My brother, Eric Verploegen, loaned me Social Entreprenuership: What Everyone Needs To Know by David Bornstein and Susan Davis. Eric has recently been doing a lot of thinking, talking, and reading about how he and others effect the world around us. This includes topics such as energy consumption and global warming, the misguided use of growth as a metric of success and prosperity, and population growth.
One of the themes that my brother has been drilling into my head is the importance of social entrepreneurs, which is the reason he loaned me this book. Eric has been impressing upon me that I am an entrepreneur even though I do not currently have the desire to start my own public health organization or initiative. Everyone involved in a social entrepreneurship is themselves a entrepreneur, even if they are not the big picture thinker.
This book provides a plethora of examples of organizations that got it right and how they were able to achieve social change. The book reads fast and defines the who, what, where, when, and how of social entrepreneurship’s. The short answers to these questions as defined by the book are anyone, for any socially productive cause, anywhere, now more than ever, through increasingly interesting and innovative channels and methods. Many of the themes in this book include seemingly common sense advice that is difficult to achieve in practice, such as having an open mind and thinking outside of the box. The book also encourages collaboration and cooperation between fields and the integration of knowledge sharing and partnerships between not-for-profits, for-profit businesses, governments, and academic institutions.
A subject that I have been thinking a lot about is the importance and desire for socially minded organizations to achieve sustainability. I particularly like how the authors of Social Entrepreneurship addressed this:
“…the idea of sustainability can be considered in two ways: the sustainability of an institution and the sustainability of ideas or values. The way we speak about sustainability usually refers to individual institutions. This is limiting. It’s like speaking about the lives of trees rather than the lives of forests. Both are important, but just as trees fall and are absorbed into the ground, institutions go through cycles of growth and decay. Some find ways to renew themselves; some die off. In thinking about sustainability, it is key to focus on the forest.”
This spoke to me. While I whole heartily believe that organizations should have good business sense in order to be efficient and successful, it is also important that organizations remember their goal. The goal of the organization should not necessarily be sustainability of the organization itself, but sustainability of the core mission.

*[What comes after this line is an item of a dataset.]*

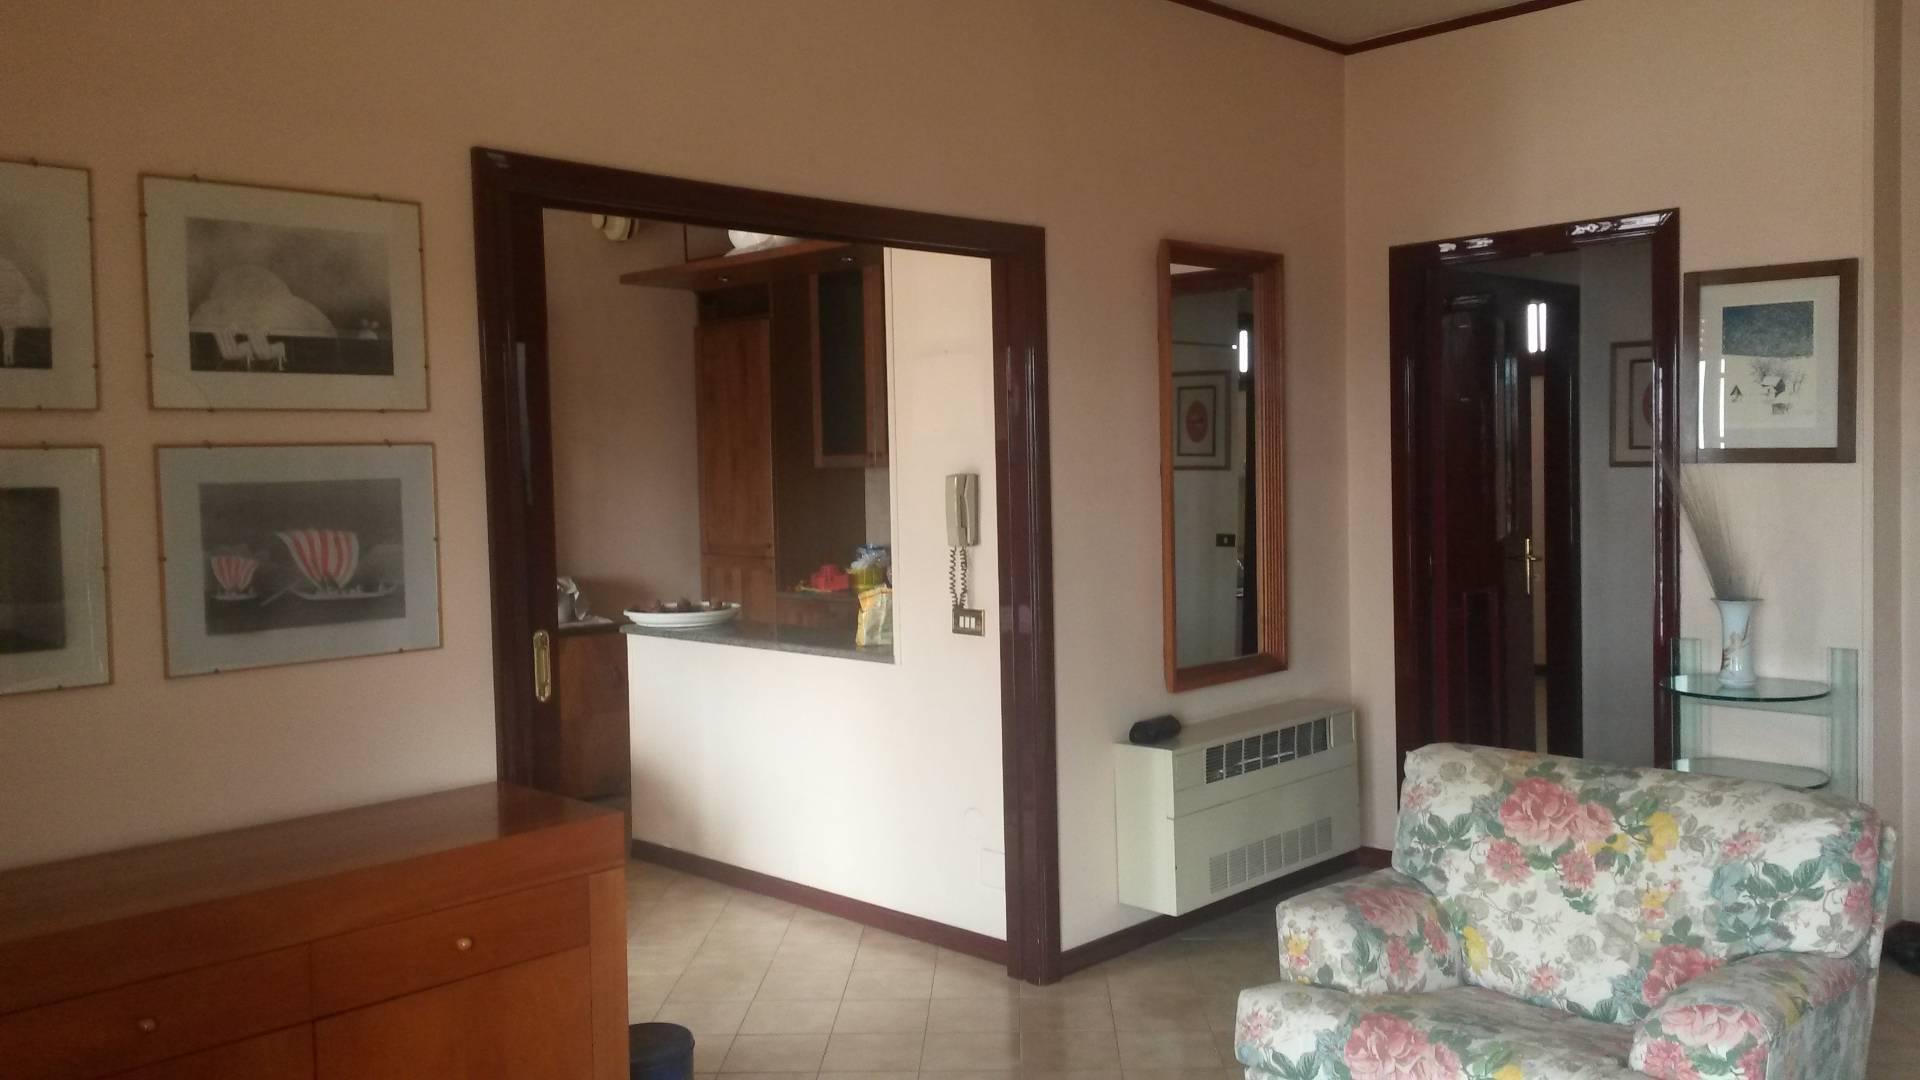 Appartamento in vendita a San Giuseppe Vesuviano, 5 locali, prezzo € 85.000 | CambioCasa.it

A great example that Bornstein and Davis provide in this book is Jeffery Hollender, the founder of Seventh Generation. Seventh Generation’s goal is to increase the use of environmentally friendly household cleaning products. While Hollender had his own company to run and compete in the household cleaning product market, he also provided unpaid consulting services to Walmart. Since Walmart is a massive distributor of household products around the US and the world, Hollanders impact on the environment would be greater if was successful at reducing the impact of this retail giant – even if they were not selling Seventh Generation products. “At the highest level, success for a social entrepreneur is not about building the biggest or best organization in the field. It is about changing the field.”
I also liked how the authors related the needs of new entrepreneurial social ventures to new business ventures. They discuss how the riskiest part of any venture is during the growth phase, and this is no exception for social or non-profit ventures. Scaling an idea that was successful as a small model many times fails to take off in different settings with different parameters surrounding the need or demand.
This book did a great job of relating the social entrepreneurial world to the average for-profit businesses. While there were many real world examples provided for each point made in the book, I feel that the authors overused a number of organizations that they are affiliated or familiar with. It would have been nice to learn about a wider breadth of organizations and businesses in this social entrepreneurship category. All in all, Social Entrepreneurship: What Everyone Needs to Know was a worthwhile quick read that provided interesting ideas to continue thinking about.